Illium was just over five hundred years old to Dmitri’s near thousand. He didn’t know anything of what had gone on before—Raphael alone knew. “No,” Dmitri said and it was a lie he told with centuries of expertise. “Weakness gets a man killed.”

Illium blew out a breath as they reached the flame red Ferrari the angel coveted but couldn’t drive because of his wings, and said, “Do not lose your humanity, Dmitri. It’s what makes you.” He flared out those wings of impossible beauty and rose into the air with a grace and strength that foretold what he might one day become.

Watching the angel fly up into the star-studded skies above a Manhattan stretching awake for the dark beat of night, until he was a sweeping shadow against the glittering black, Dmitri’s lips curved into a grim smile. “I lost my humanity a long time ago, Bluebell.”


Honor was in the subterranean depths of Guild Academy’s main building, peering at an illuminated fourteenth-century text to do with one Amadeus Berg, legendary hunter and explorer, when her cell phone rang. Jumping up at the abrupt burst of sound, she grabbed it from where she’d placed it on the table beside her keys. “Sara?” she said, having recognized the number flashing on the screen as that of the Guild Director’s personal cell phone.

“Honor.” Crisp. No nonsense. Sara. “Where are you?”

“Rare books section of the Academy library.” Dimly lit in deference to the age of the books stored here, and kept at a precise ambient temperature, it had become a refuge, a place few ventured.

“Good. You’re not too far.” The sound of papers rustling. “Tower needs a consult and you’re particularly well qualified. When you—”

Honor didn’t hear the rest of the director’s words because her ears crashed with a thundering rush of blood, her face heating until it felt as if her skin would peel off from the burn, leaving her flesh exposed to the cruel air. “Sara,” she blurted out, fingers clenching on the edge of the desk, the bone showing white against skin that had once been a light brown touched by sunshine but was now dull, pasty, “you know I can’t.” Her terror was greater than any pitiful surviving shred of pride.

“Yes, you can.” Sara’s tone was gentle but firm. “I won’t allow you to bury yourself at the Academy forever.”

Her hand squeezed the phone, her heart racing so fast and jagged it hurt. “And if I want to be buried?” she asked, finding the will to fight in the same bone-crushing fear that had sweat beading along her spine.

“Then I’d have to get tough and remind you that you are still under contract as an active hunter.”

Honor’s knees collapsed, crumpling her into a chair. The Guild was the only home she knew, her fellow hunters her family. “I’m an instructor.” It was a last-ditch attempt to claw her way out of this.

“No, you’re not.” A denunciation no less ruthless for being soft voiced. “You haven’t taught a single class in the months you’ve been there.”

“I’ll—”

“Honor.” A single, final word.

She fisted her hand on the desk, staring unseeing at the haunting blues and passionate reds of the illuminated manuscript she’d dropped with a shocking lack of care on the polished wood. “Tell me the details.”

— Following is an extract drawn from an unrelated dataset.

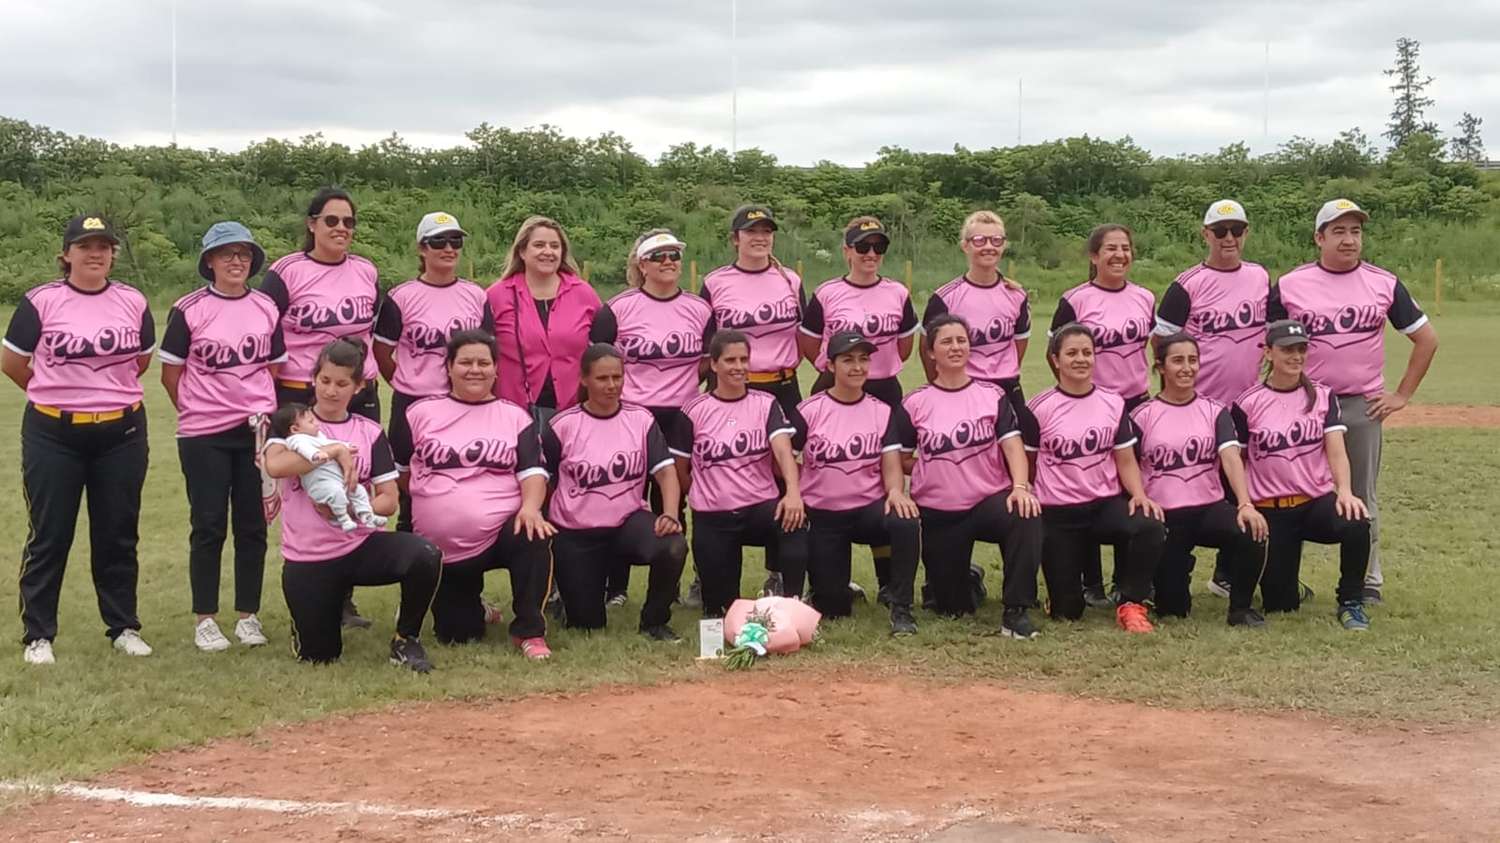 El equipo de "La Olla" usando el color rosa en su camiseta en adhesión a la finalidad con que se desarrolló este torneo de sóftbol femenino en Gualeguay.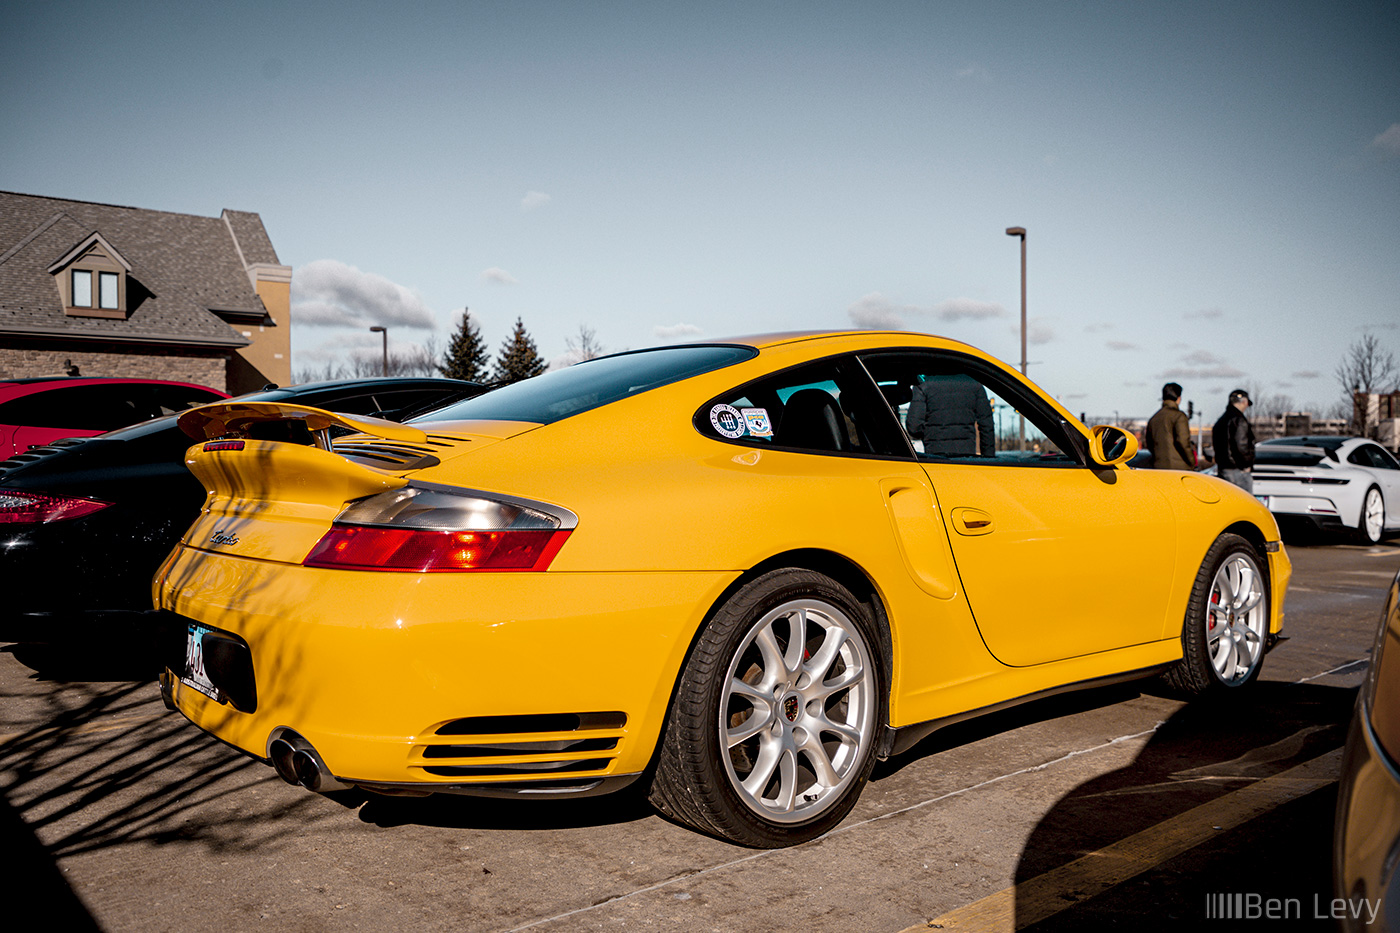 Yellow Porsche 911 Turbo at Porsches & Pastries

Sara blew out a breath. “Part of me wants to wrap you in cotton wool and keep you safe and warm where nothing can hurt you,” she said with a fierceness that betrayed the generous heart beneath that tough exterior, “but the other part of me knows I’d be helping to cripple you and I refuse to do that.”

Honor flinched. Not because the words were harsh, but because they were true. She wasn’t whole, hadn’t been whole for the past ten months. “I don’t know if there’s enough of me left to scrape up, Sara.” Sometimes, she wasn’t sure she wasn’t still in that filthy pit stained with blood, sweat, and . . . other bodily fluids, that her current life wasn’t an illusion created by a fragmented mind.

Then Sara spoke and the very razor of her words was a welcome reinforcement that this was the truth. Because surely if she’d dreamed herself into a fantasy to escape the brutal reality, she wouldn’t have made the Guild Director so unyielding?

“Ransom and Ashwini didn’t risk their lives to pull you out just so you could turn around and give up.” A reminder of the hands that had undone her bonds, the arms that had helped haul her up into the painful light. “Find the pieces and stitch yourself back together.”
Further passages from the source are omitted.